# Range Hood Fan



## MacTeam (Jul 27, 2008)

Brand new 295RE The light on the range hood works but the fan doesn't. Any suggestions? I would imagine that the fan and the light would be on the same fuse but then again, no fuses are blown either. Suggestions? hate to go back to dealer for something like that.


----------



## Ridgway-Rangers (Apr 18, 2008)

It is on the same fuse. My bet is a loose wire. You can drop the internal motor light assembly and check for a bad conection.
Brian


----------



## Joe/GA (Aug 14, 2009)

Congrats on your new camper! I hope you have many happy camping trips in it!

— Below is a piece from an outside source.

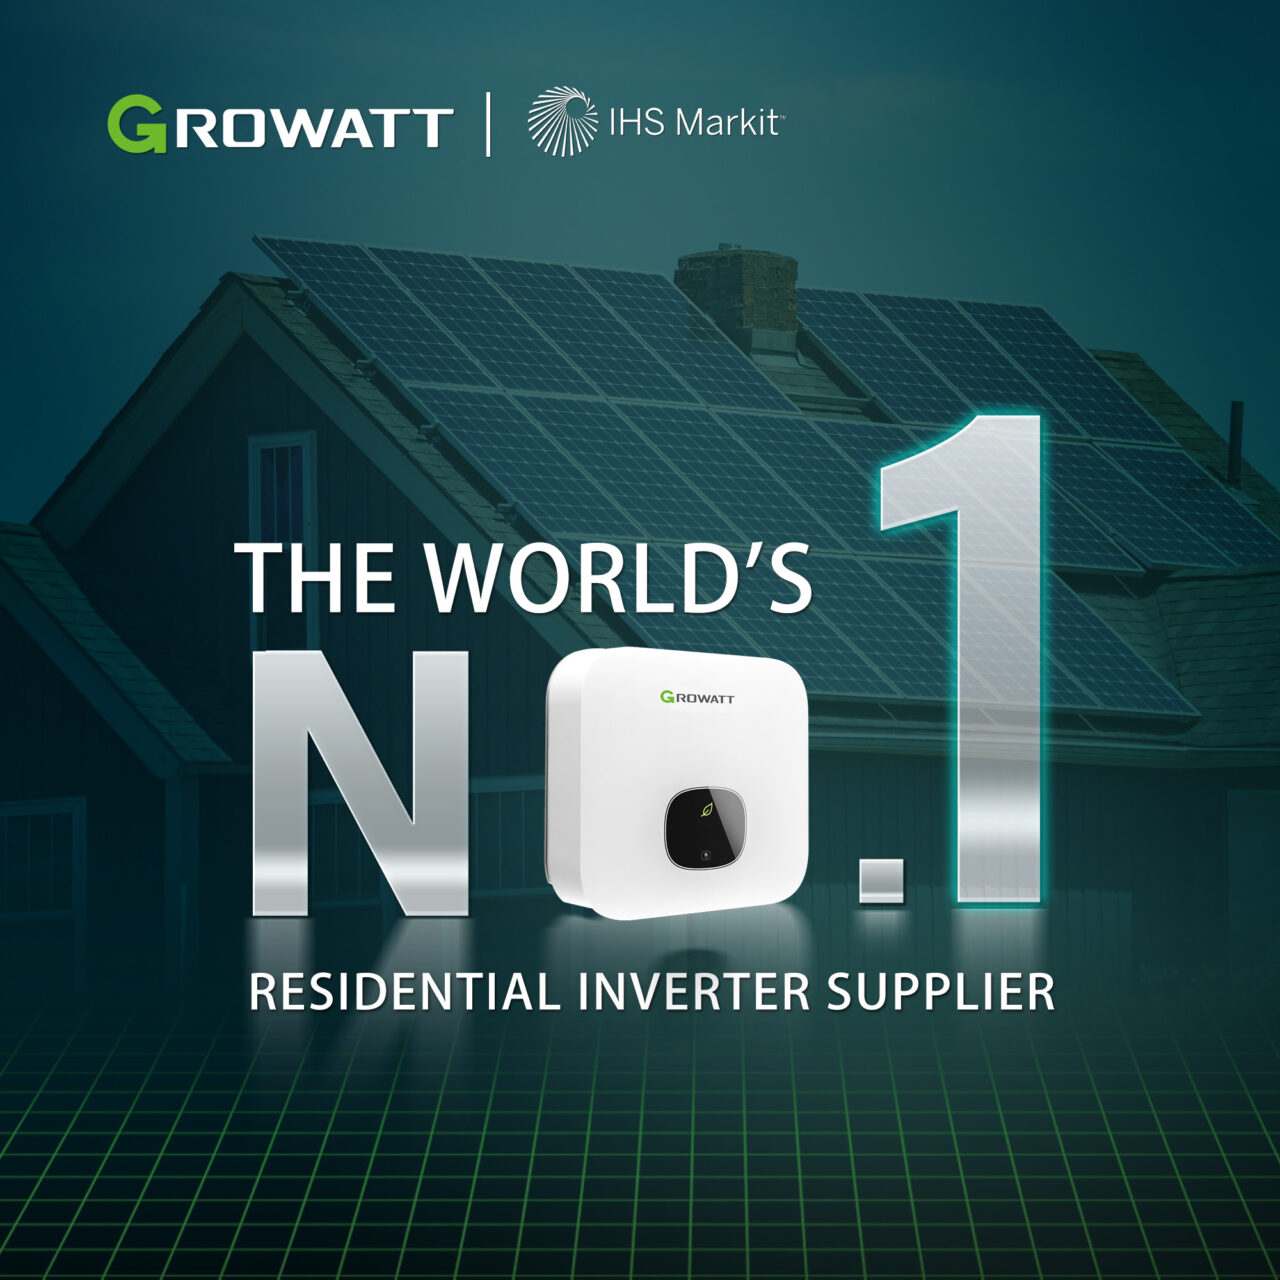 Growatt No.1 Residential Inverter Supplier
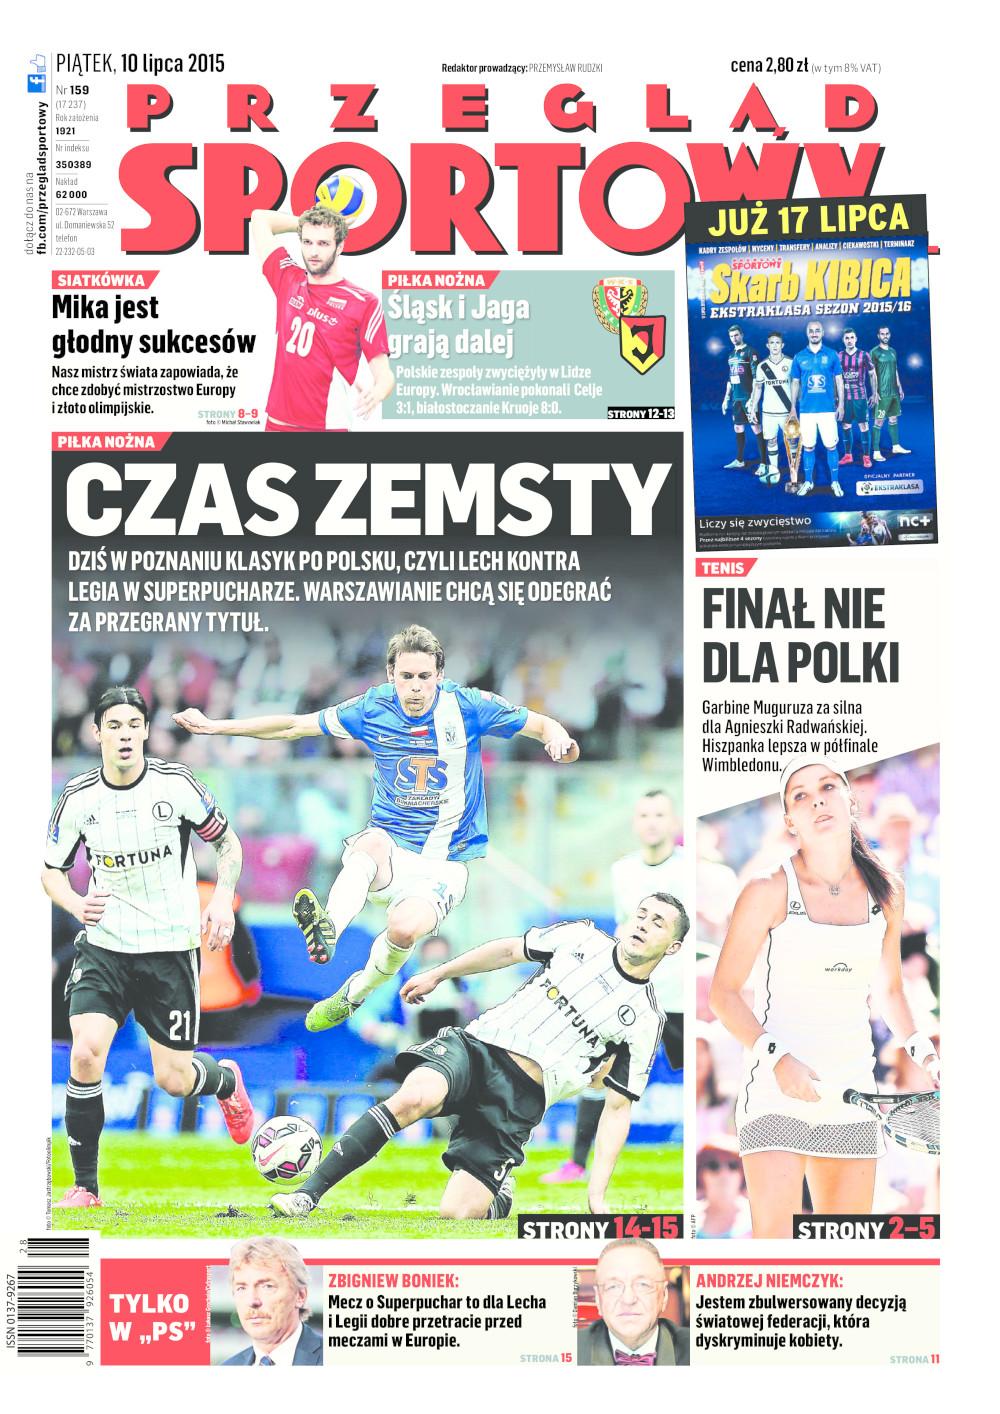 Przegląd Sportowy po Jagiellonia Białystok - Kruoja Pokroje 8:0 (09.07.2015)

If it's not a loose wire, it could be that something is jamming the blades so they cannot turn. While I was searching for used campers, I was checking that everything operated properly. When I tried the fan, nothing happened. I did a little investigating and pulled out the filter and found that a dirt dauber nest was holding the blades fast to the fan housing.
BTW, on the theory of loose wires...I found a poor crimp connection in my camper. I was adding another light to my bedroom and removed the existing light to access the wires. While pulling the slack out, a wire pulled loose from the crimp connection. I've been in the electrical and electronics business since the '60's and I know crimping. A good crimp connection will not pull apart. This connection never had the proper force applied to the crimp. Makes me wonder how many more bad connections I might have in my camper!


----------